INFORMATION SUPPLIED:
# # # # # # #
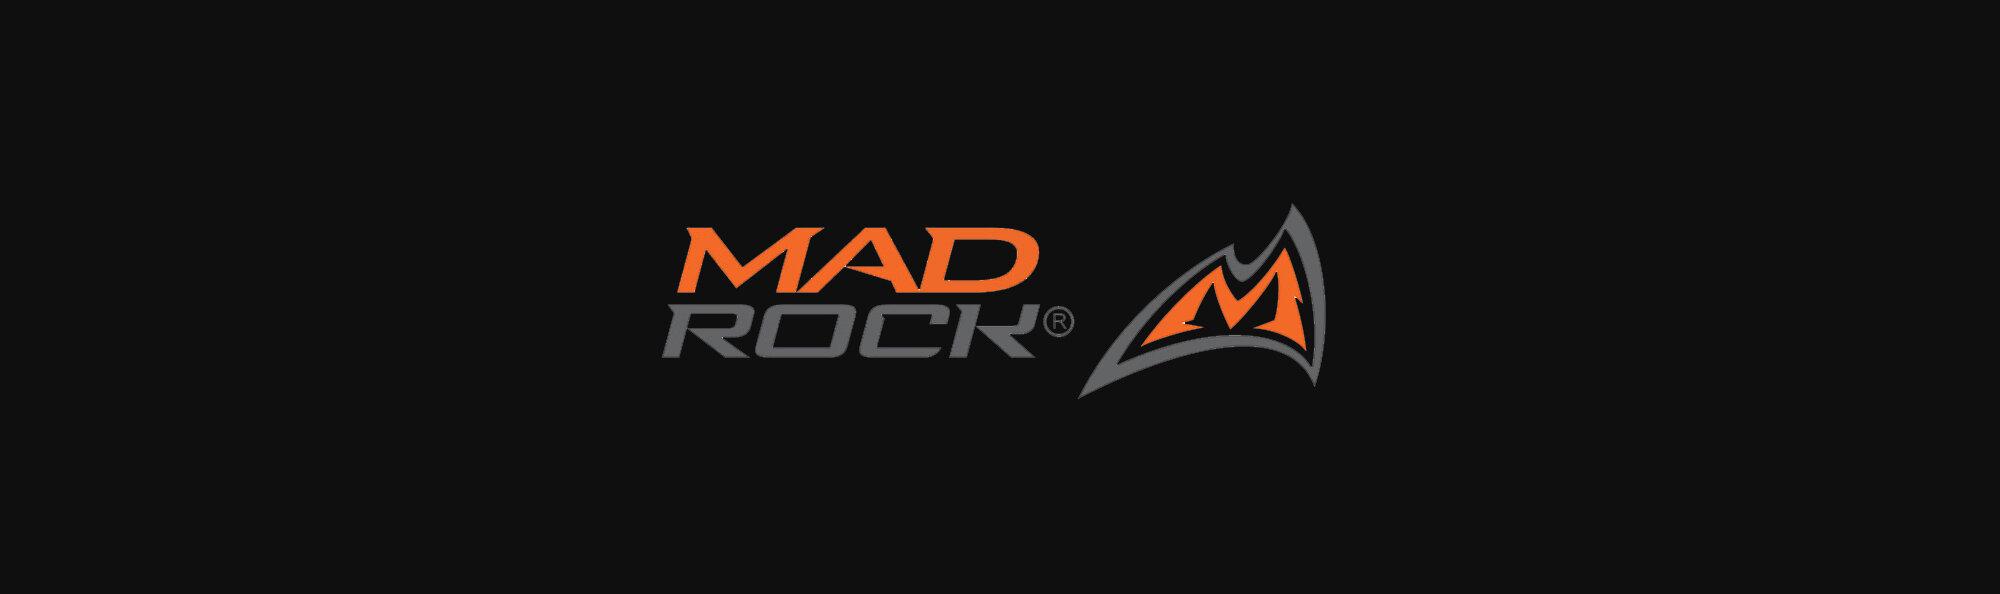 Mad Rock Sponsor Logo 2.jpg
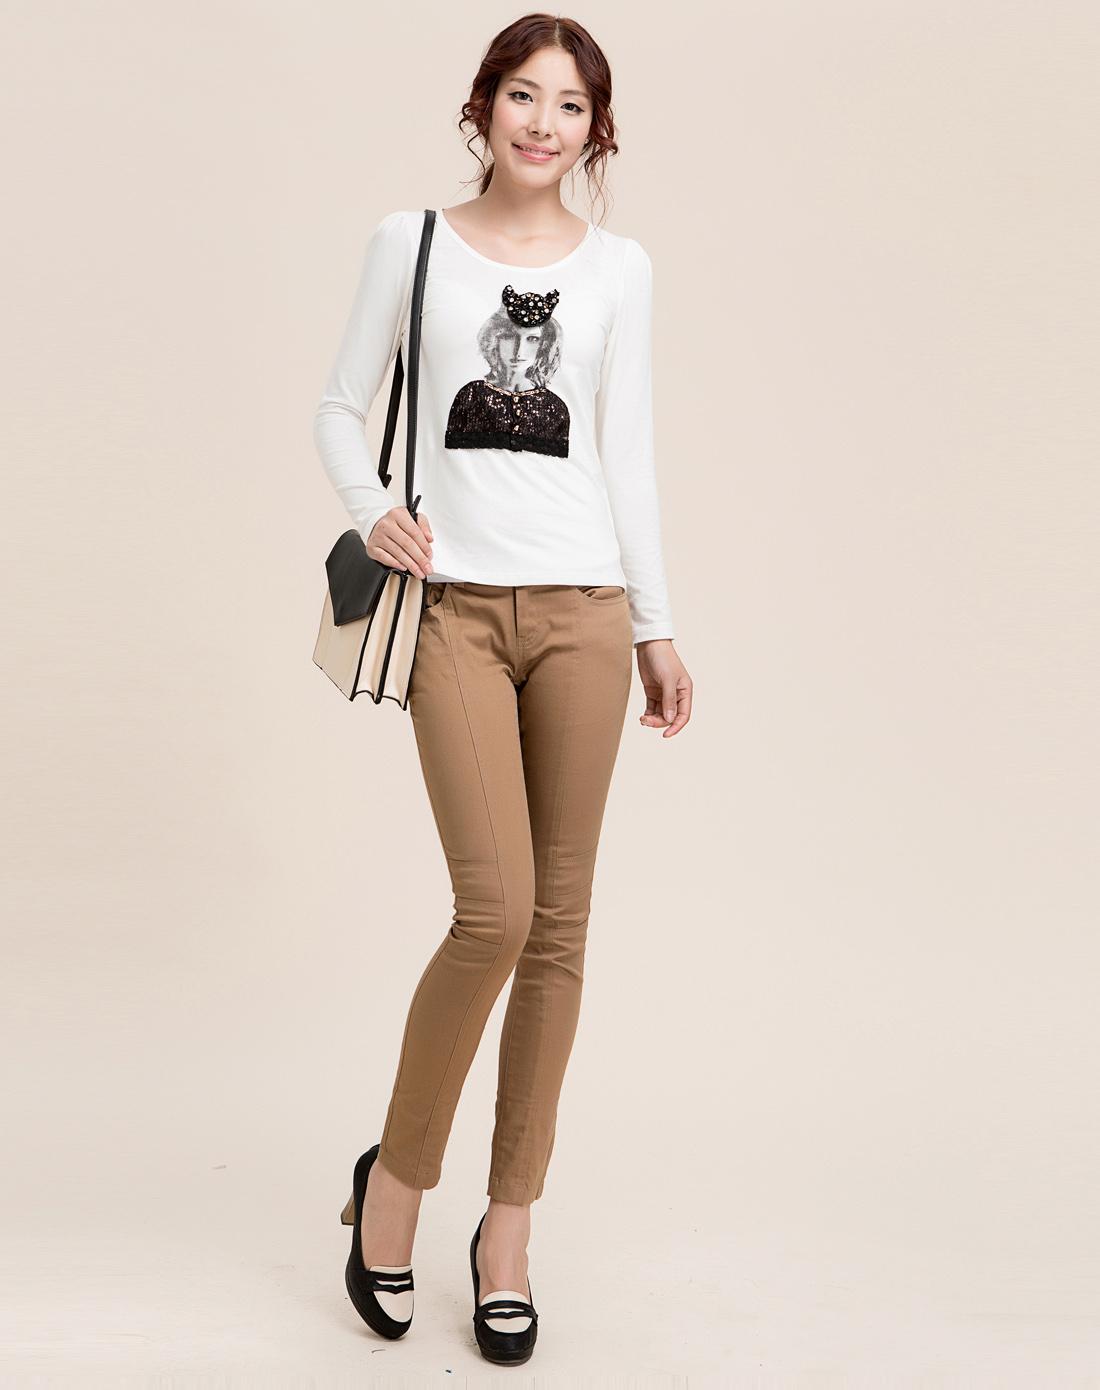 红袖hopeshow白色美女图像长袖t恤h9350723白色
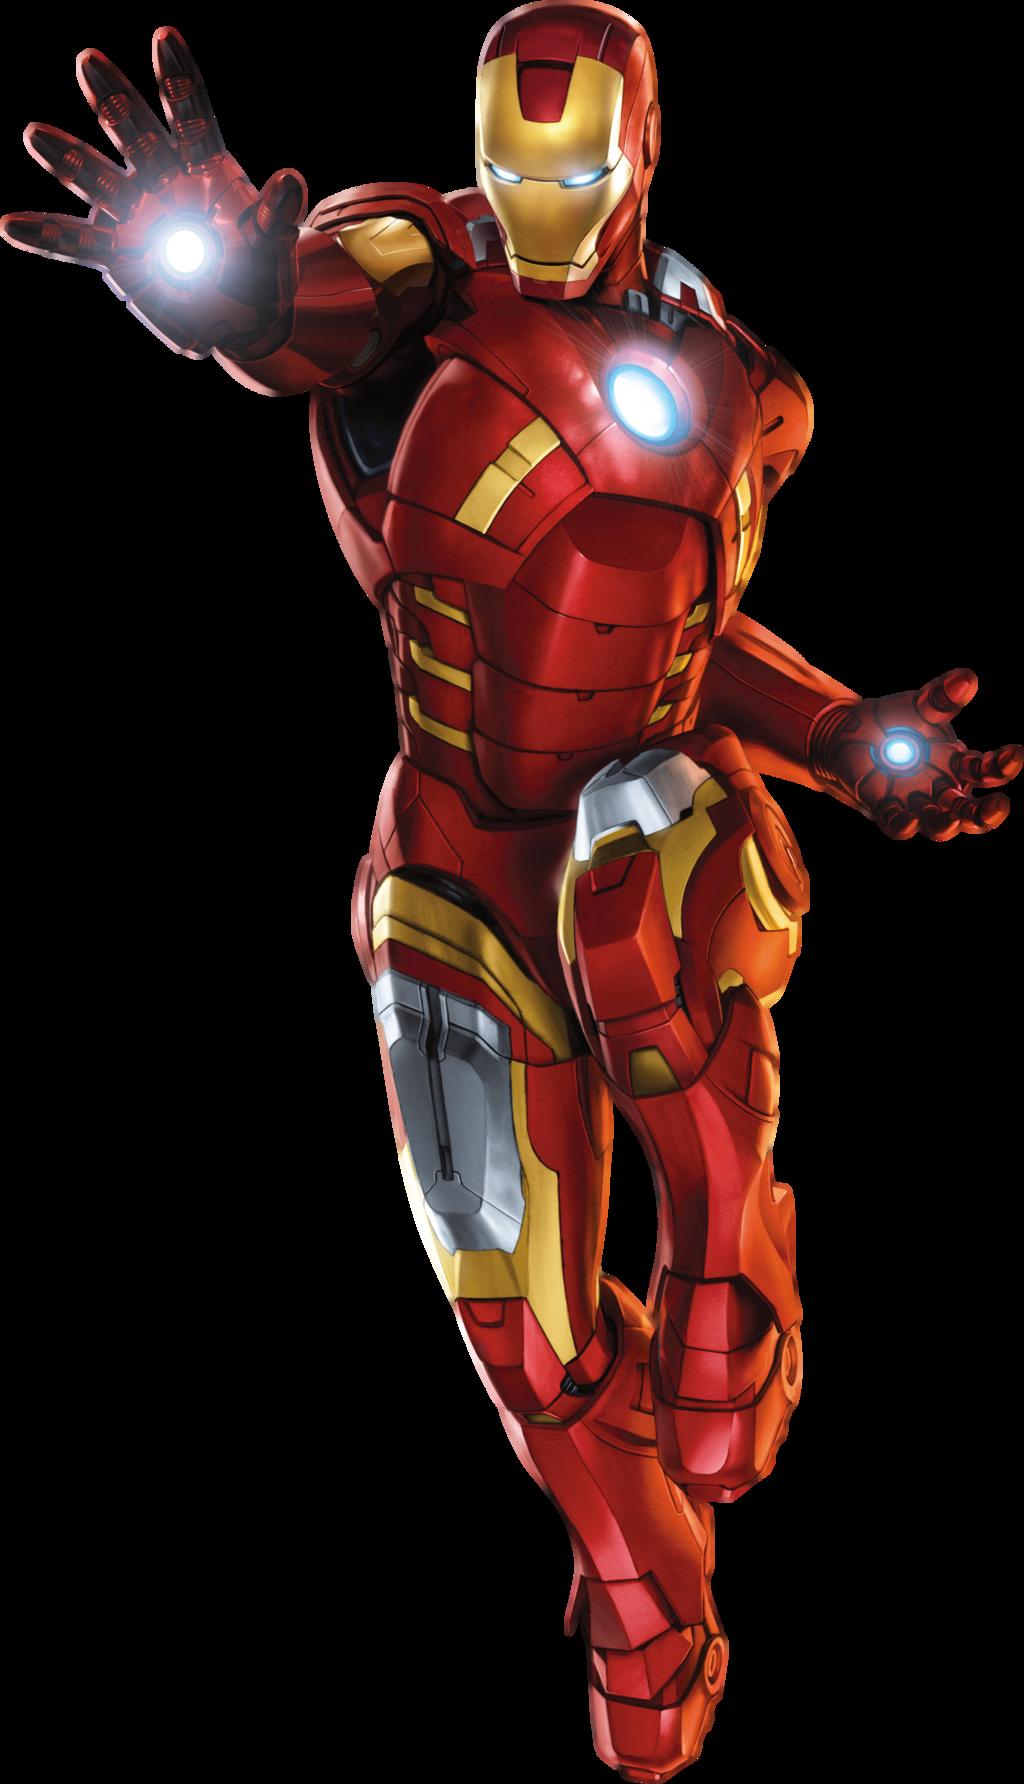 Iron Man clipart-Iron Man clipart-6
# # # # # # #
ABOUT THIS TASK: Once the line holding "红袖hopeshow白色美女图像长袖t恤h9350723白色" is found, copy it and each later line exactly through the end of the data, leaving out the pictures.

SOLUTION TO THIS EXERCISE:
 红袖hopeshow白色美女图像长袖t恤h9350723白色
 Iron Man clipart-Iron Man clipart-6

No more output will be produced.